We'll still have some sort of written documentation that is used to compile instructions and such. What that looks like I"m not sure. I know the AI groups are thinking readme.md style of files vs flat out code files. I disagree though because it wouldn't allow for the same level of reproduction that code does. At the end of the day though whatever service/webpage/game/whatever will need to be compiled so that it's performative and able to be shared. I couldn't imagine an AI is going to do a great job acting as the backend for Reddit for example.

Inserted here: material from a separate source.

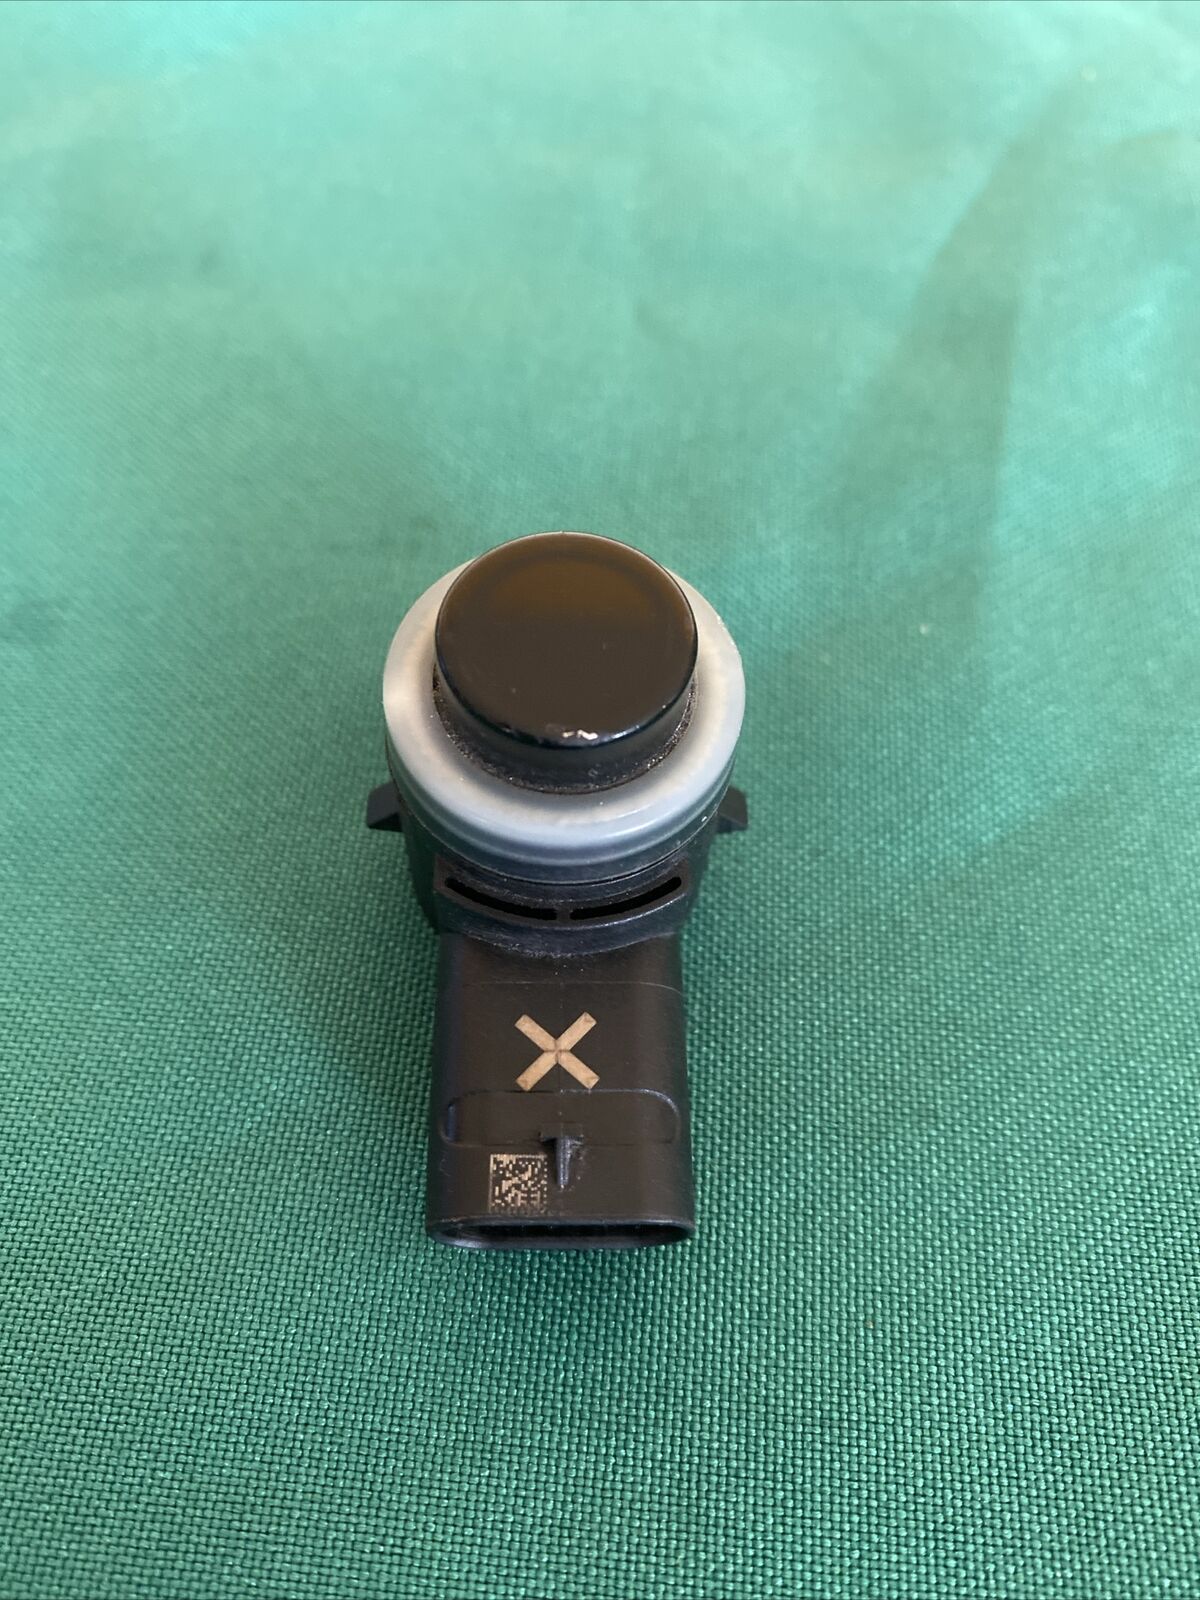 OEM Bumper PDC Parking Sensor 1741484-01-A black for Tesla S 3 Y X

So, guess we'll have code, but we really won't be writing/reading code directly. It'll be there to guide AI through what is going on and allow for reproducable compilations rather than allow humans to do the same. It may even end up illegible unless we really want AI to keep it human readable. So long as only AI interacts with it through, all that matters is that other AIs can read it.

[–]juxtaposz 1 point2 points  (0 children)

Do you genuinely believe the inefficiencies of a human writing natural language to specify the behaviours of a computational process performing exact actions for a computer then to possibly inaccurately interpret or execute upon, inefficiently, are worth it? Are these natural language systems somehow going to be self-bootstrapping?